#### SOURCE MATERIAL

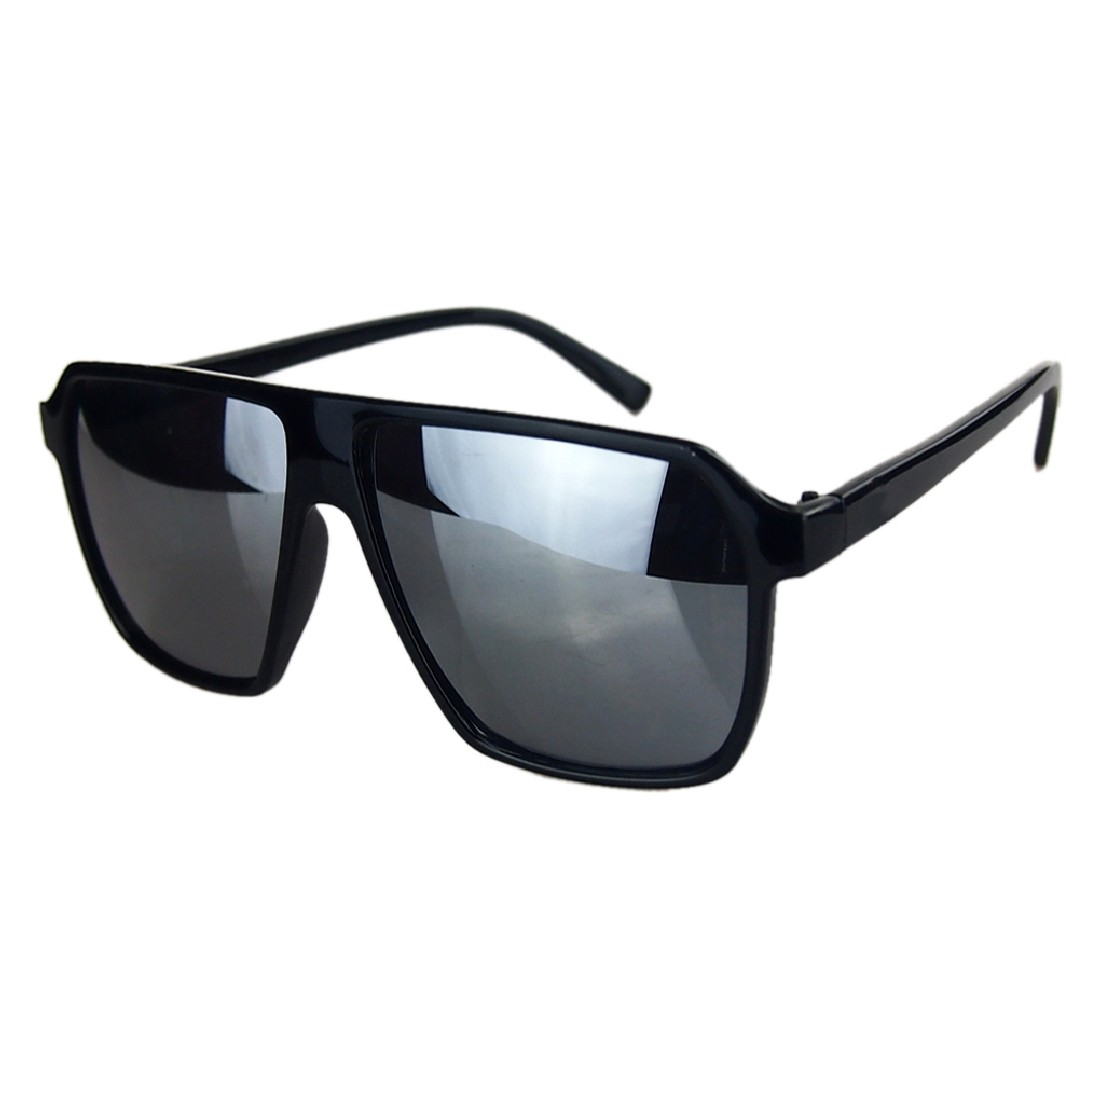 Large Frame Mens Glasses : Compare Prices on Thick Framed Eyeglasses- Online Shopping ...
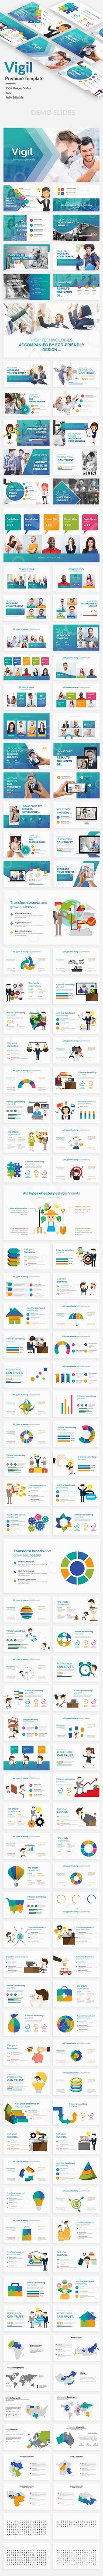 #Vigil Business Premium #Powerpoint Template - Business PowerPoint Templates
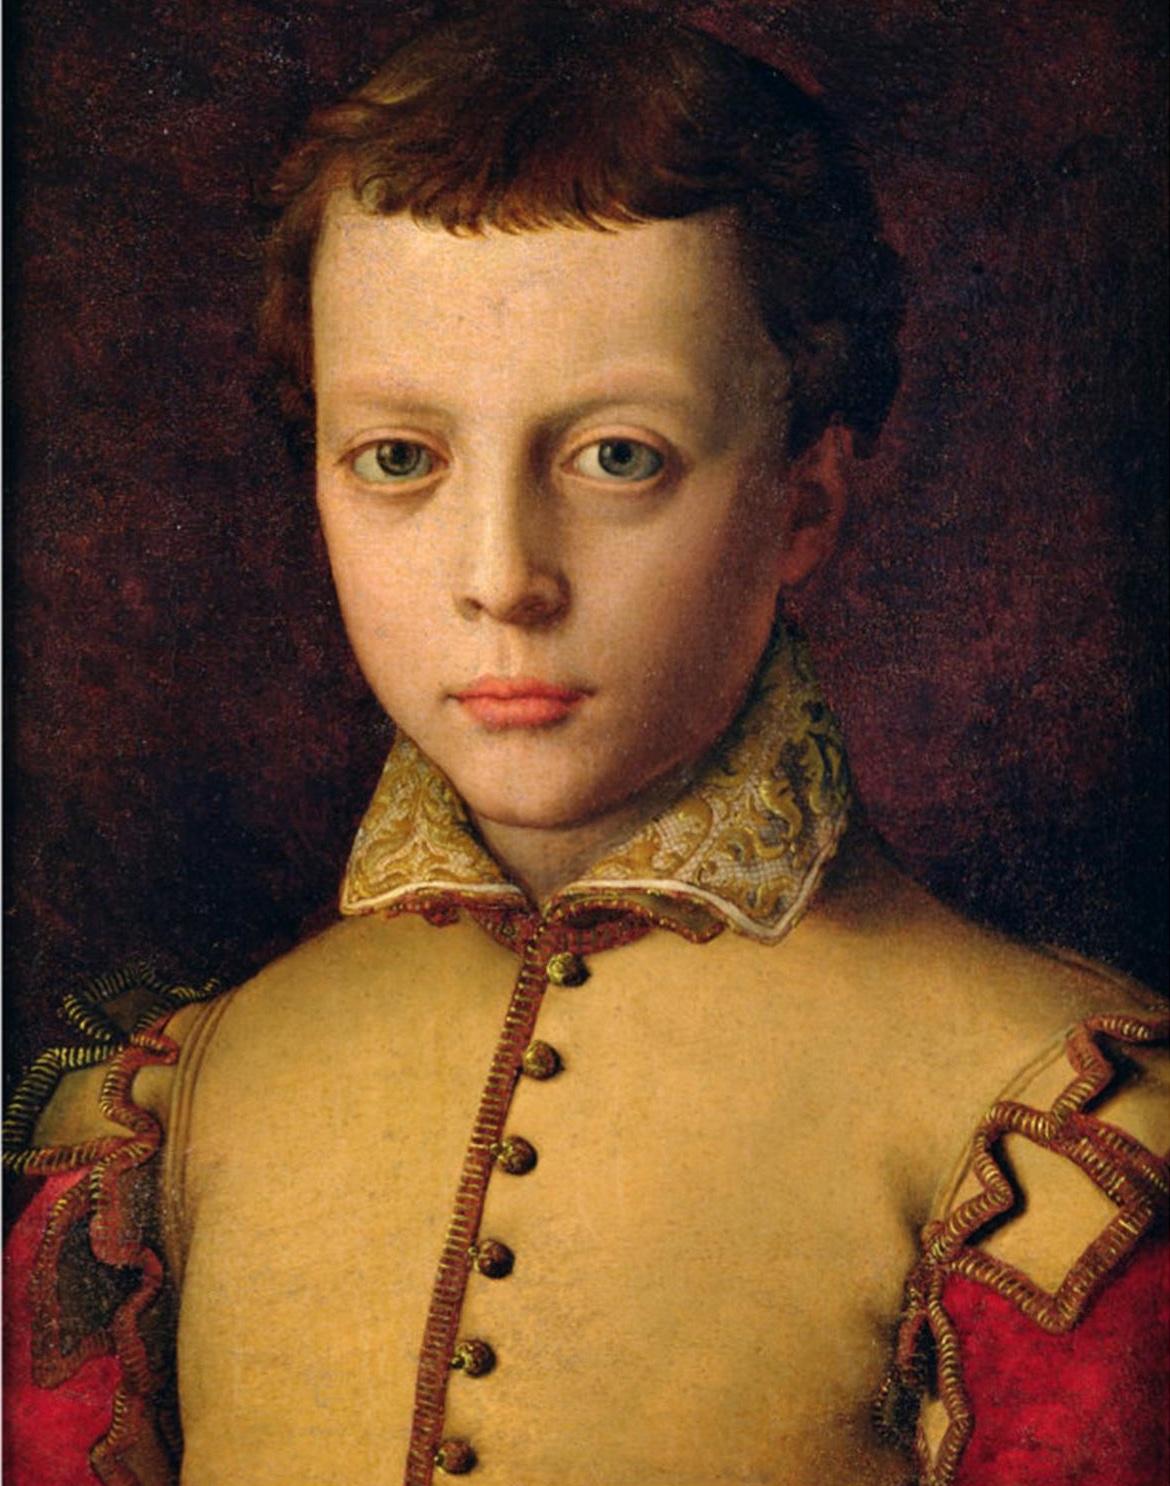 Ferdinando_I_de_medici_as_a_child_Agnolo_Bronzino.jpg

########
#### SOURCE MATERIAL

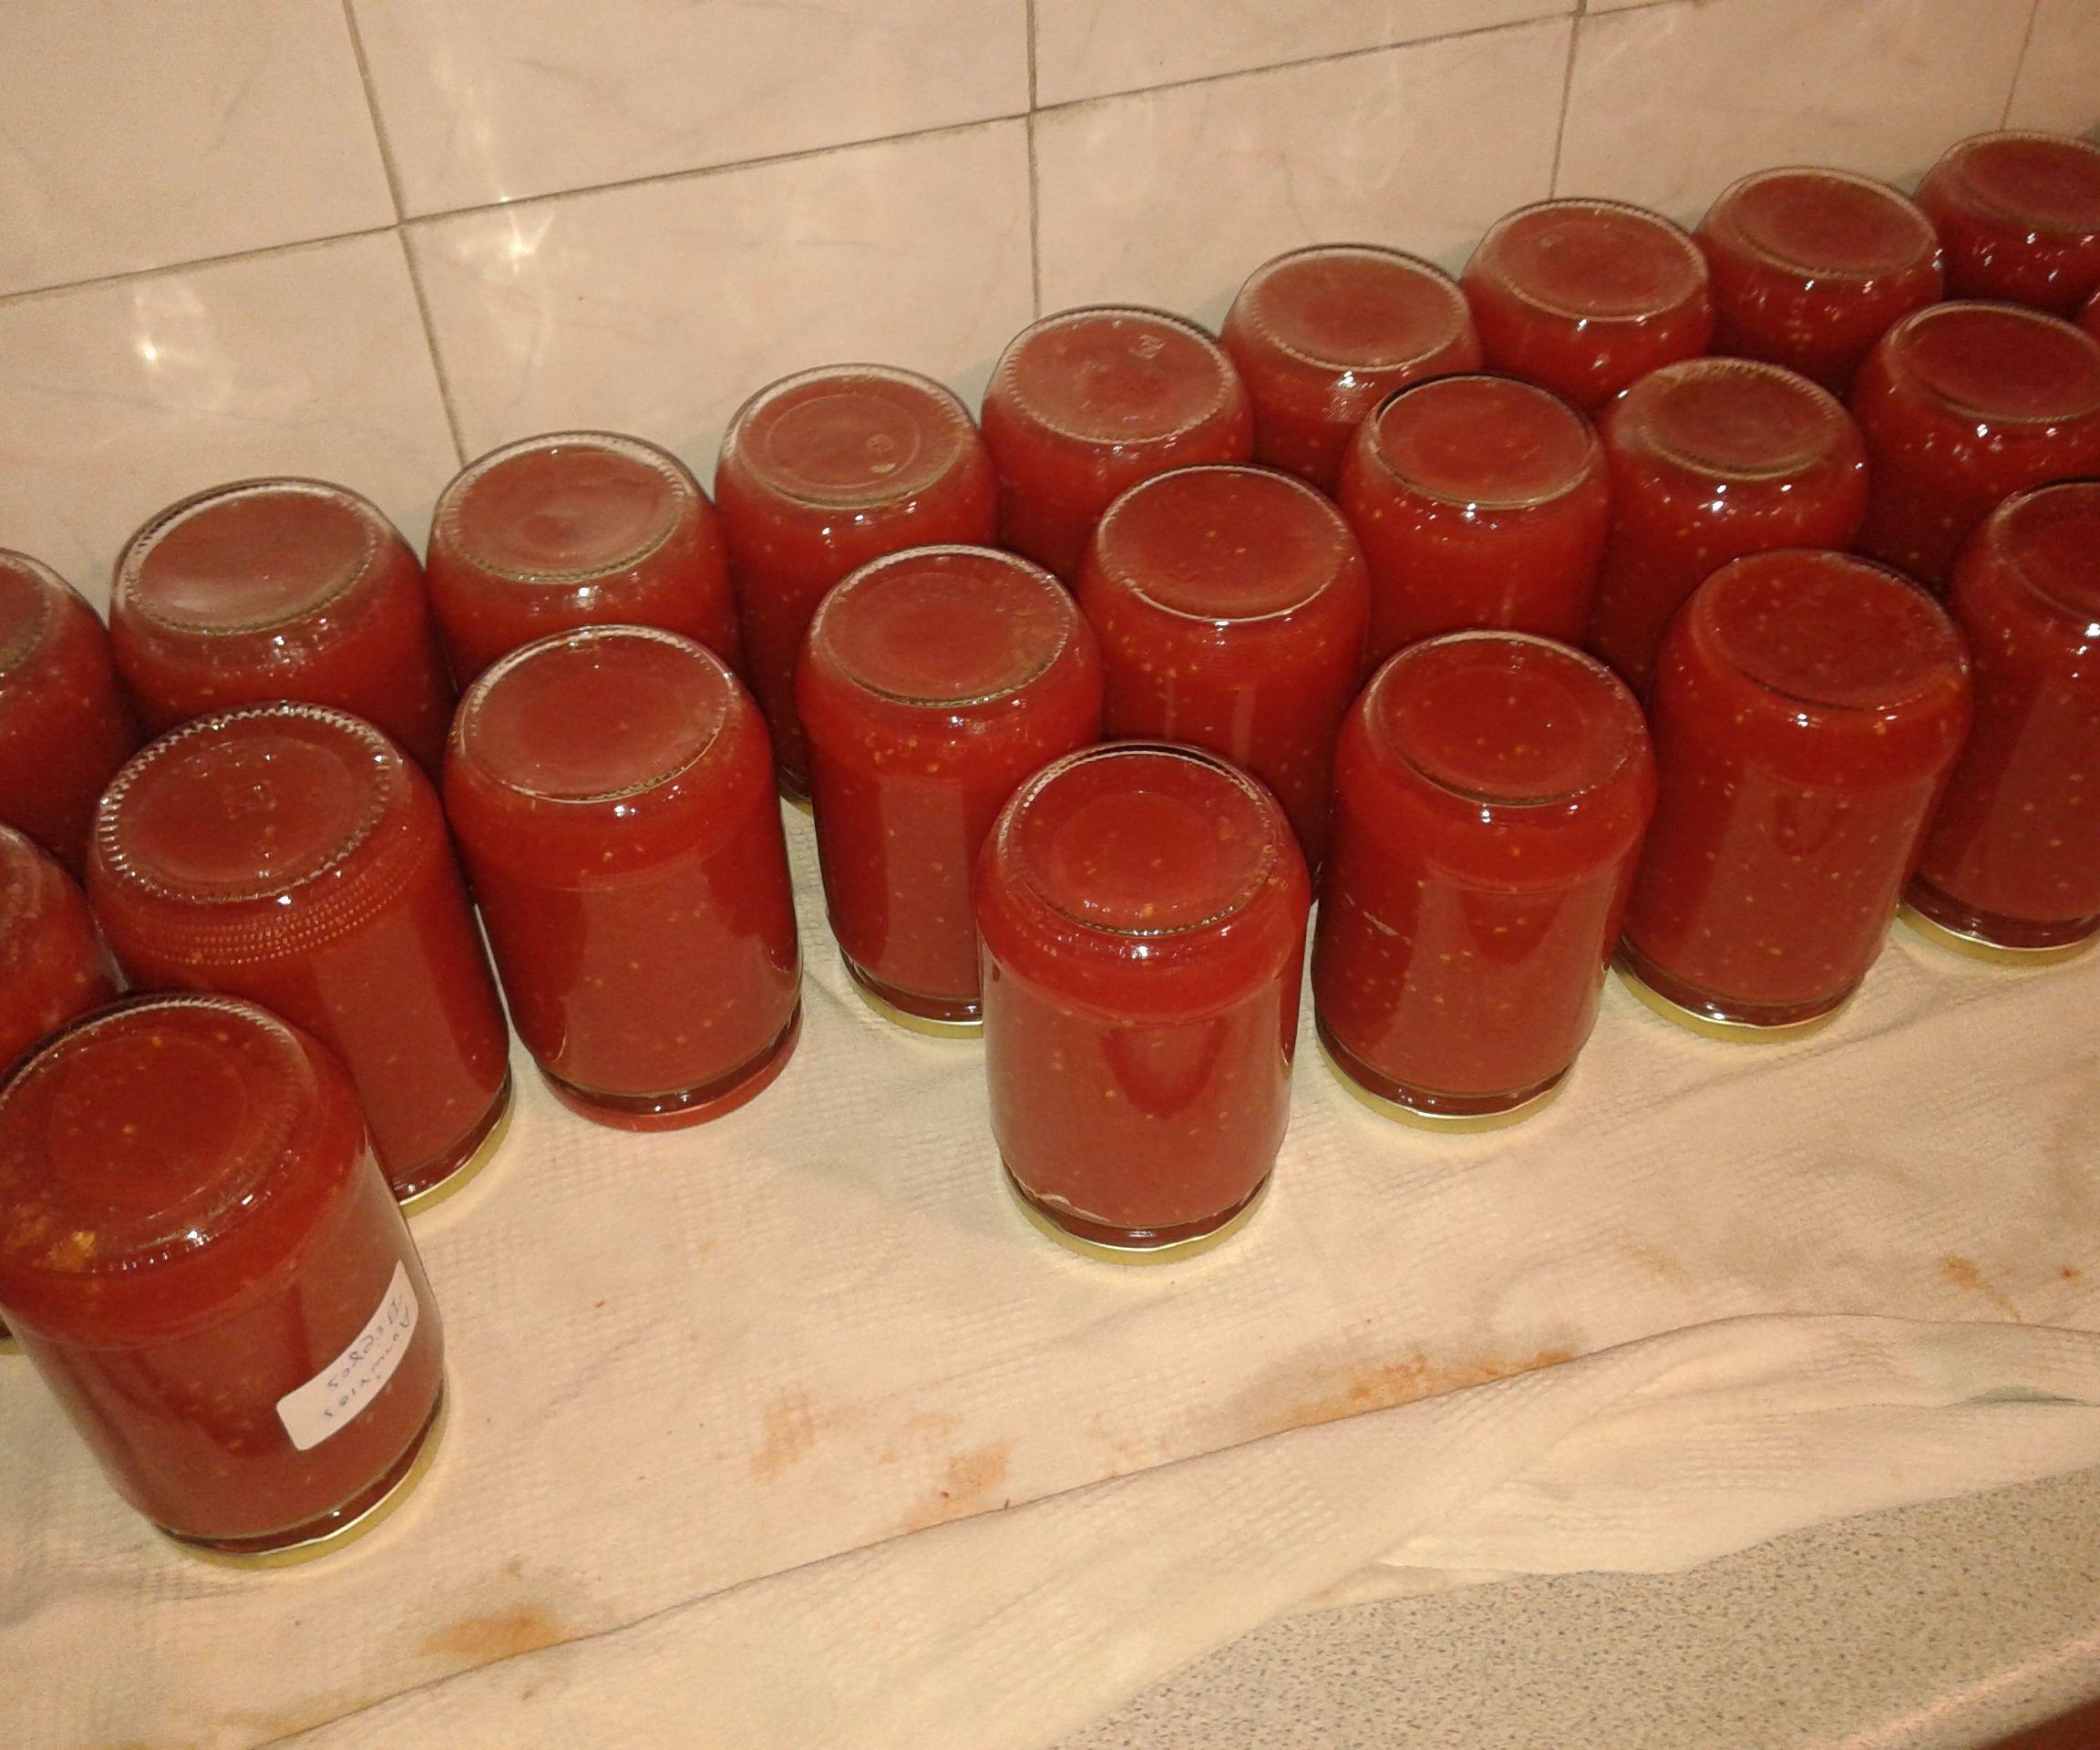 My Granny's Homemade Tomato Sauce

########

### ASSIGNMENT
Return exactly the lines that appear in the data above between the line containing "#Vigil Business Premium" and the line containing "Ferdinando_I_de_medici_as_a_child_Agnolo_Bronzino.jpg", both of which are included, and leave the pictures out.

### EXERCISE SOLUTION
 #Vigil Business Premium #Powerpoint Template - Business PowerPoint Templates
 Ferdinando_I_de_medici_as_a_child_Agnolo_Bronzino.jpg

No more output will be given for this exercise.